What you should do -> From the listing below, copy only the lines running from the line that contains "Bari Stadio San" to the line that contains "Elote delicious grilled", both included.

Material for this task ->
■ ■ ■ ■ ■ ■ ■

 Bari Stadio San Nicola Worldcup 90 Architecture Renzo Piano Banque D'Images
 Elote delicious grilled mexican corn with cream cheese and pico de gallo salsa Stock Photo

■ ■ ■ ■ ■ ■ ■

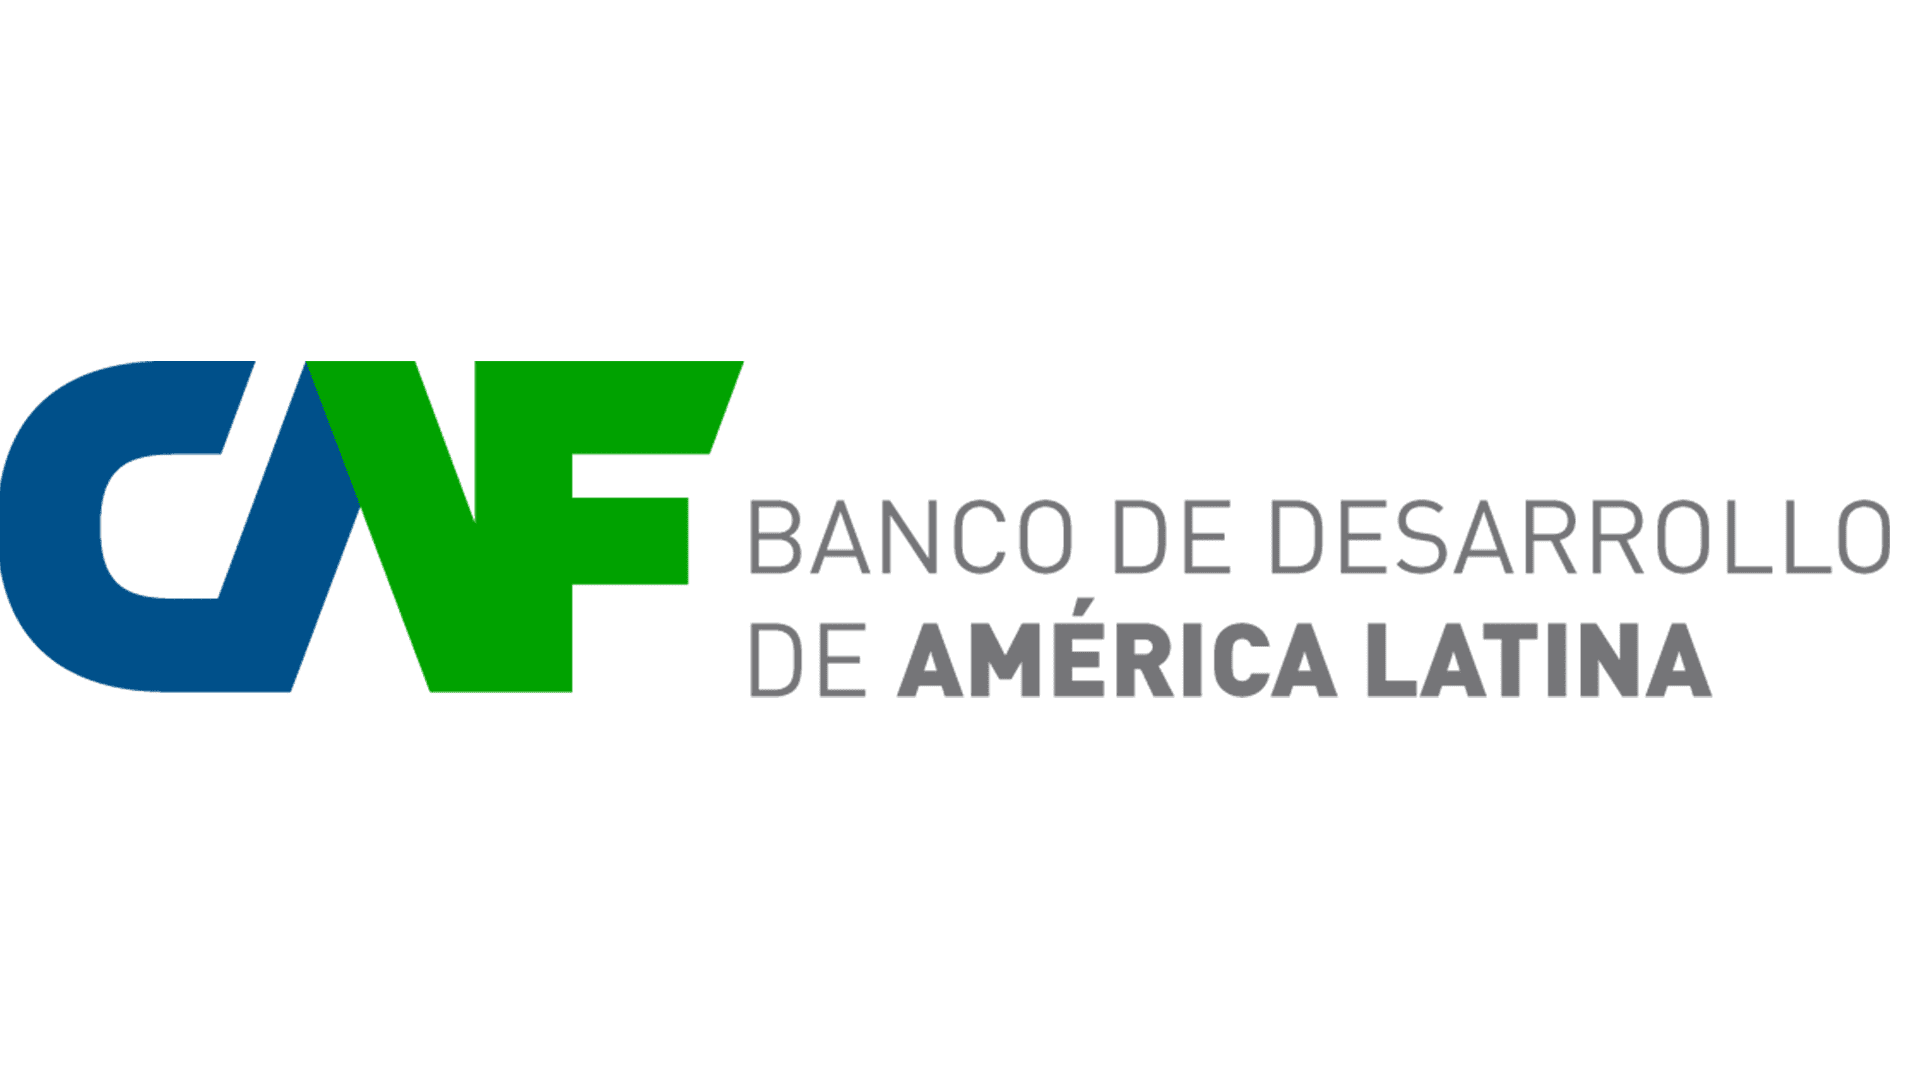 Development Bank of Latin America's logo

■ ■ ■ ■ ■ ■ ■

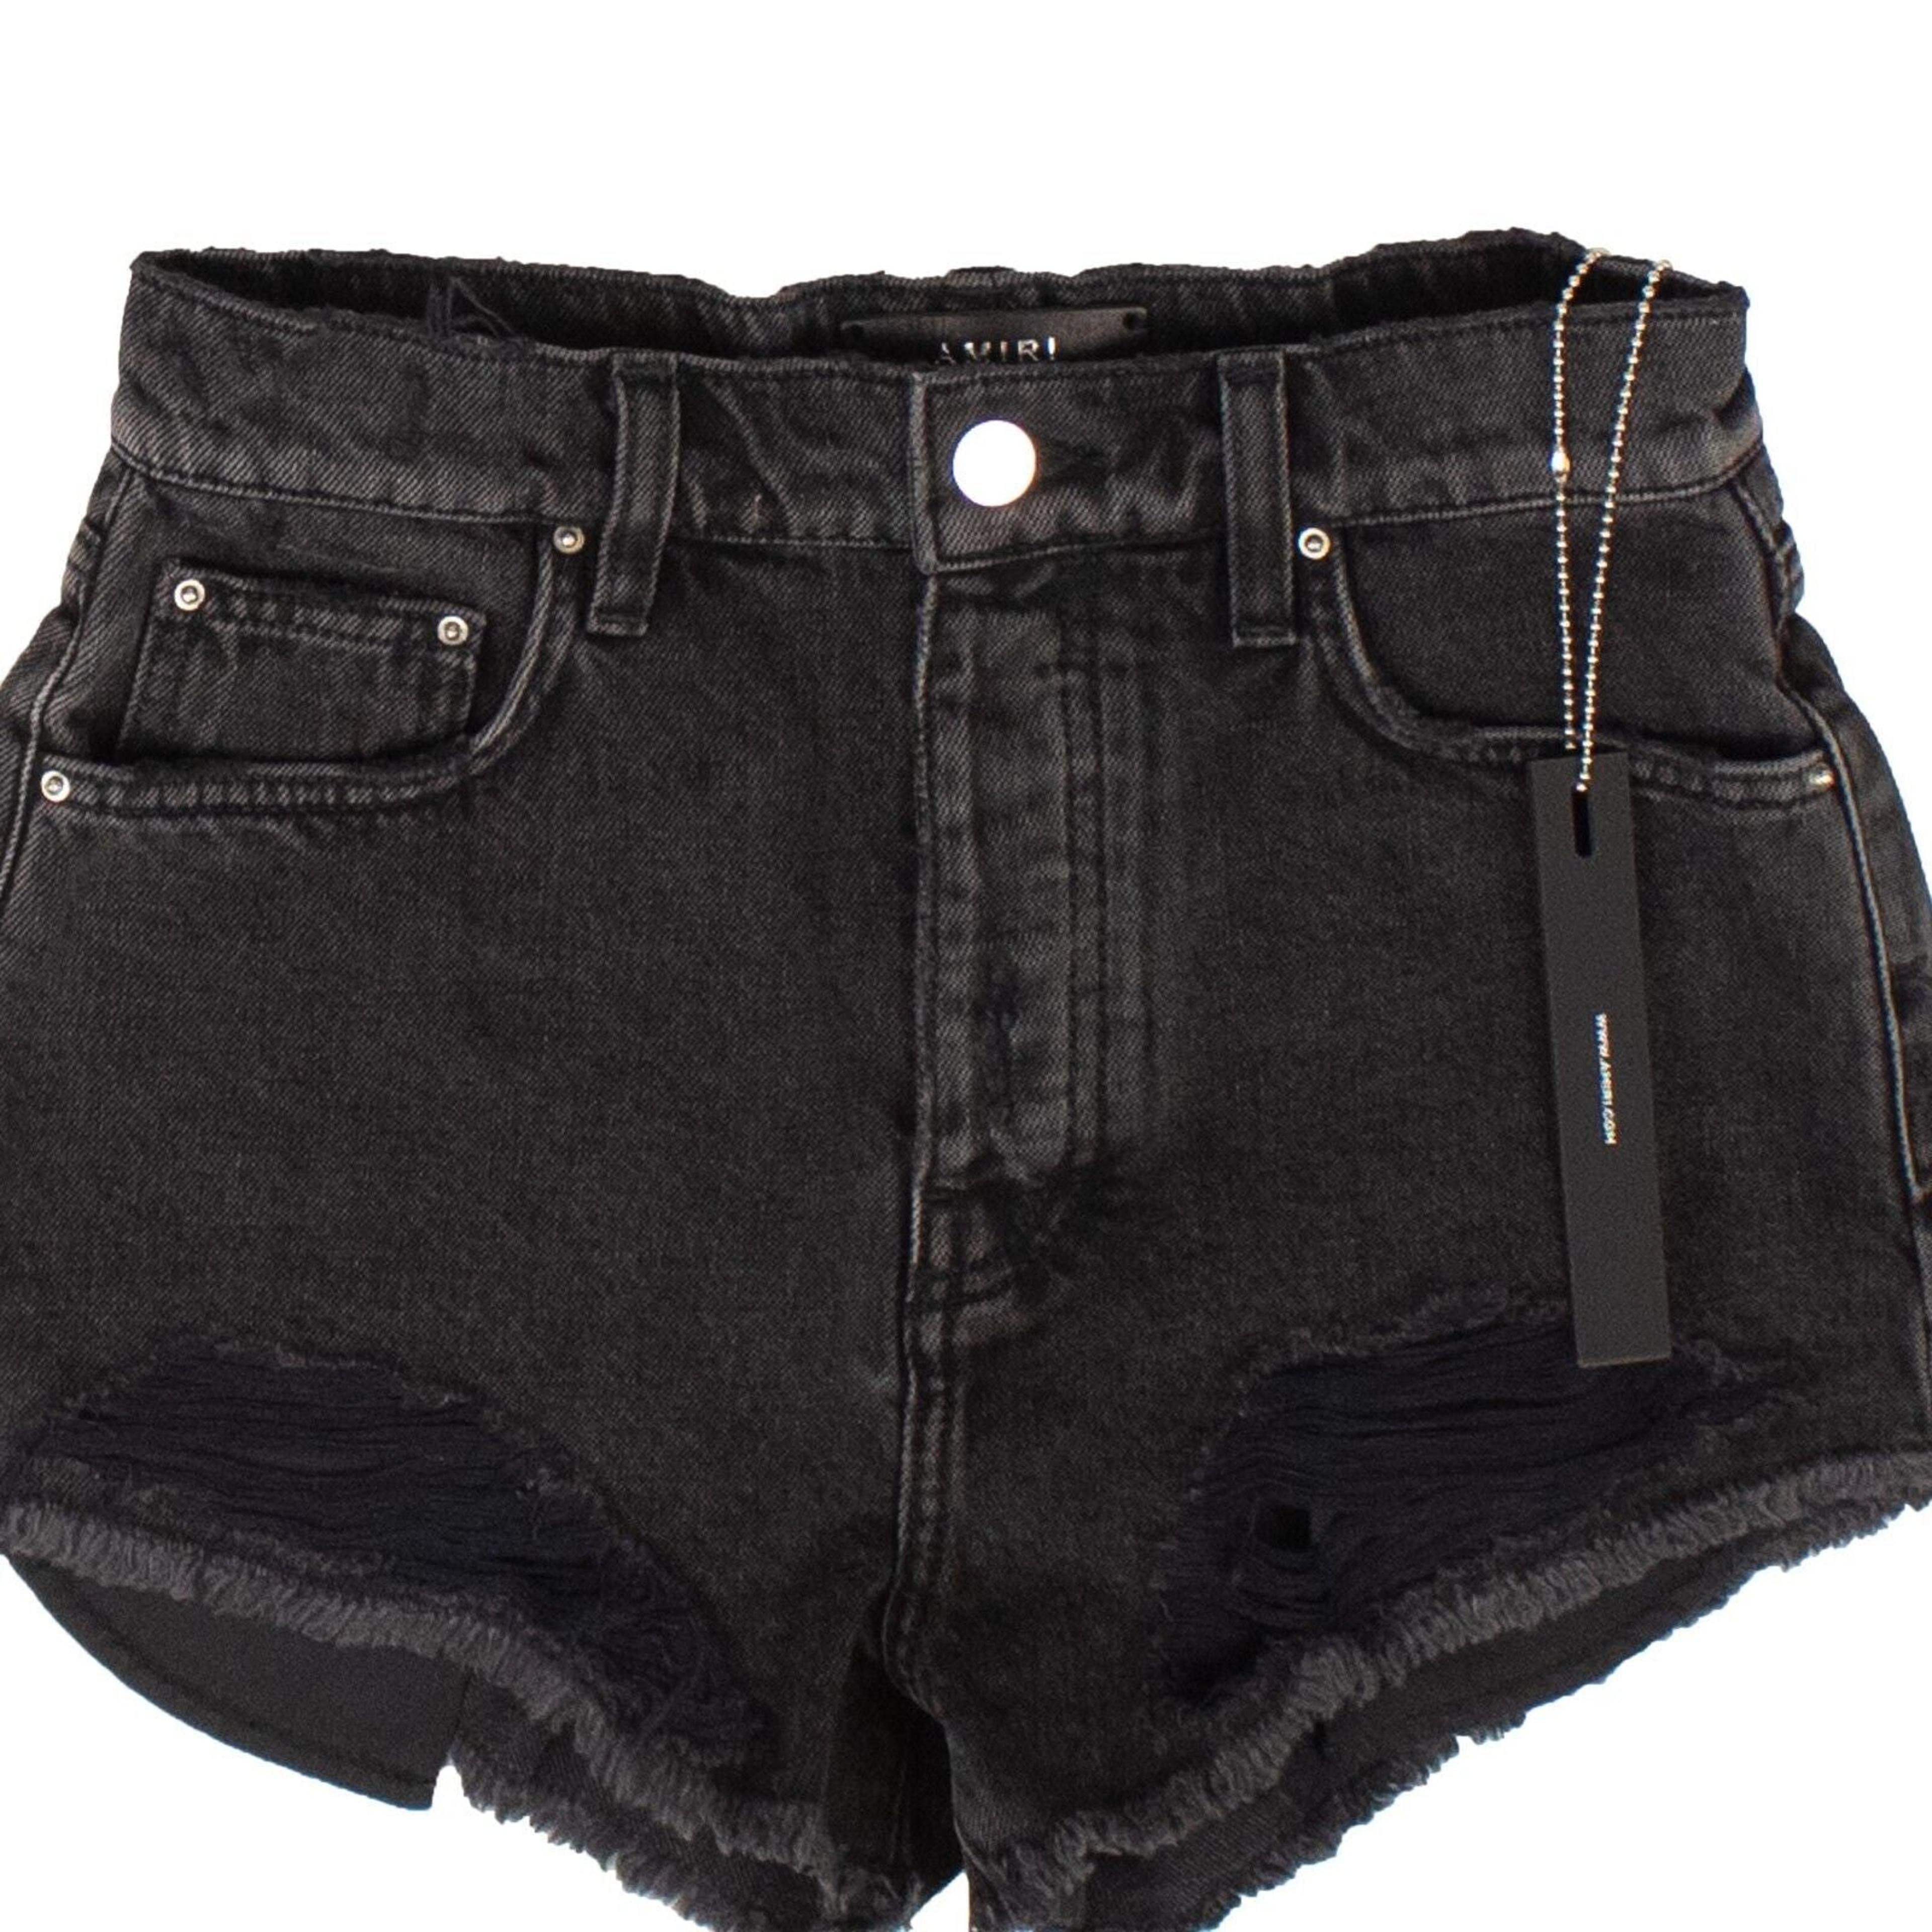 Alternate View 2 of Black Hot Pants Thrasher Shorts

■ ■ ■ ■ ■ ■ ■

Task solution ->
 Bari Stadio San Nicola Worldcup 90 Architecture Renzo Piano Banque D'Images
 Elote delicious grilled mexican corn with cream cheese and pico de gallo salsa Stock Photo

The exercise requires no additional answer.